Here he agrees with one of the show's stars: former North West England Chief Crown Prosecutor Nazir Afzal. “Nazir is passionate about this. He's been talking about trials live on air for a long time.»

However, there is a difference between a spectacle to be made and a spectacle to be made. America offers a simple counterpoint. Court television has long broadcast footage of defendants attacking their lawyers. In Miami, where the laws are the most lenient, an entire show, «Court of Protection,» was built around filming events in one courtroom presided over by Judge Carroll Kelly, administrative judge of the Dade County Domestic Violence Unit.

Check out the week in #domesticviolencecourt in Miami-Dade County. Judge Carroll Kelly and court staff are committed to ensuring the safety of victims, holding offenders accountable, and coordinating an effective community response to domestic violence.
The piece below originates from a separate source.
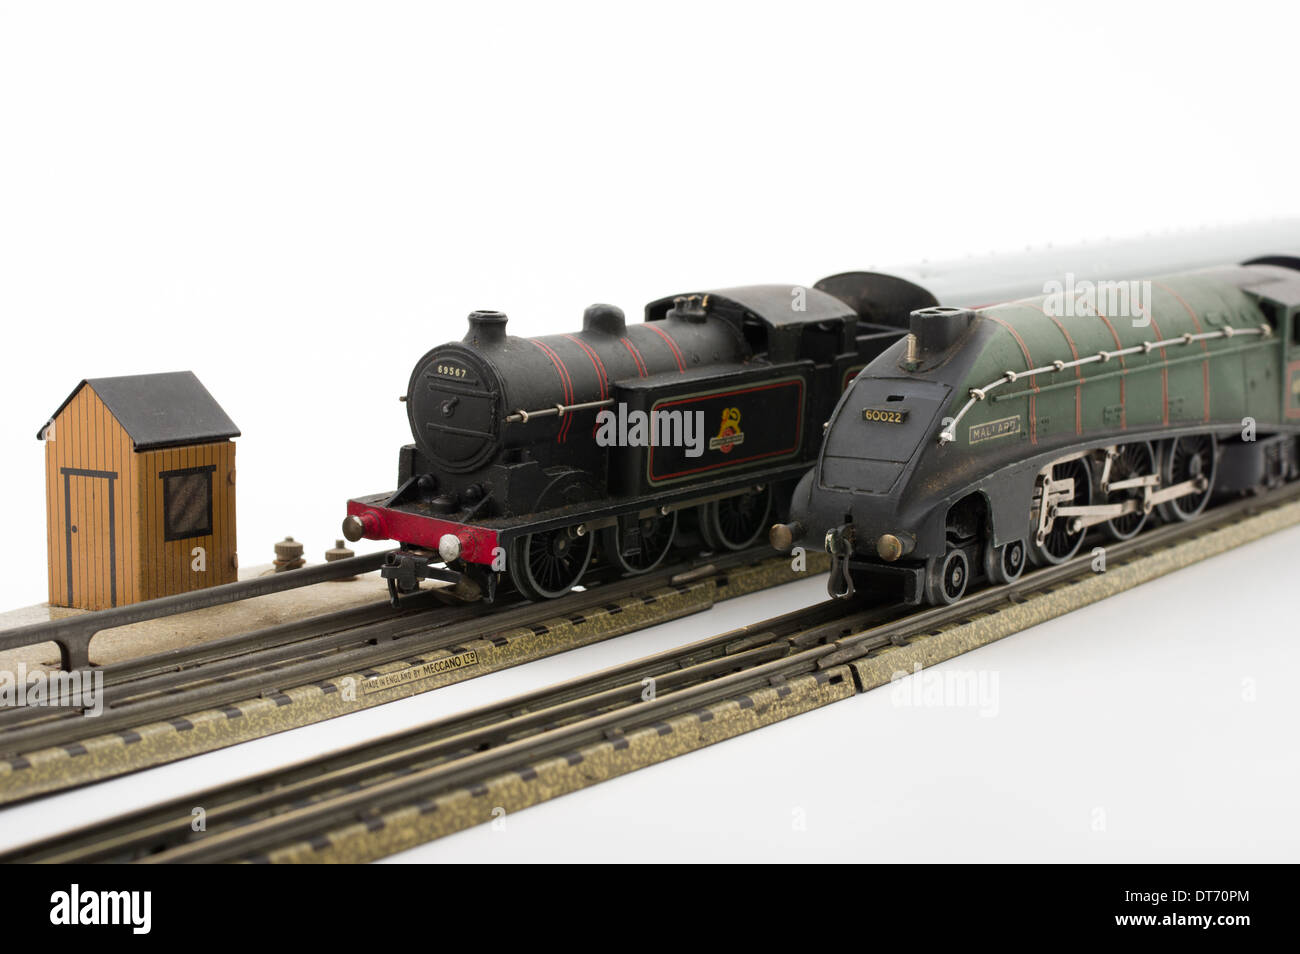 Vert Dublo Hornby Train Modèle Mallard avec EDL17 Locomotive classique Brtiish train jouet pour enfants Banque D'Images

Full video: https://t.co/2vTkvVBJom pic.twitter.com/gdNKtoa6LI

— Center for Justice Innovation (@innovjustice) February 18, 2020

In some parts of America, once the justice system gets a hold of you, you become public property, and all the many minor embarrassments associated with broadcasting your life publicly become public knowledge, regardless of your guilt or innocence.
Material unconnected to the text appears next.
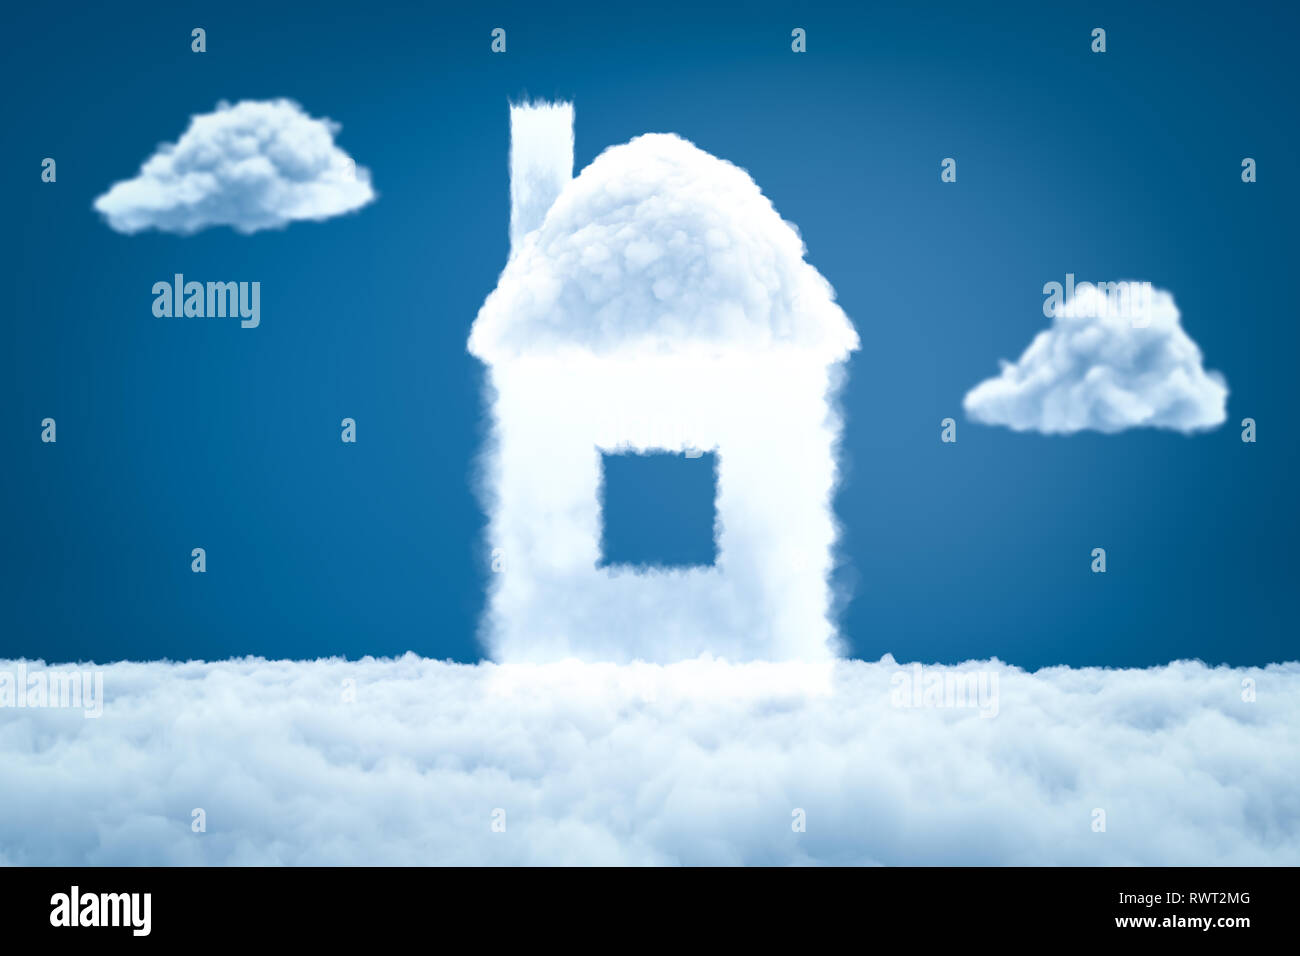 Le rendu 3D de la maison nuage blanc sur fond bleu Banque D'Images

In England and Wales, by contrast, despite all the government's periodic hand-waving about open justice, the profession is still literally run from medieval monasteries by a self-selecting guild. These people don't want to be stared at.

Of course, as with the emphasis on the “reasonable man” in our common law, there is a softer position of synthesis. North of the border, media laws are different. And over the last few years they have allowed BBC Scotland film crews to film a show at their High Court, mistakenly also called Murder Trial, which began in 2020 with an excellent series about the disappearance of Margaret Fleming. We watch edited hearings with minimal voiceover, but hear some post-game analysis from the lawyers themselves. The style is dark and brooding, the palette is limited.

After all, for our world to exist, we must all continue to believe in the holy fiction that earthly justice can be brought about by a few random people banded together to chat. To maintain this illusion, it is also necessary to preserve the inherent grandeur of the courts.

And if there's one lesson from The Jury: Murder Trial, perhaps we shouldn't focus too much on magic.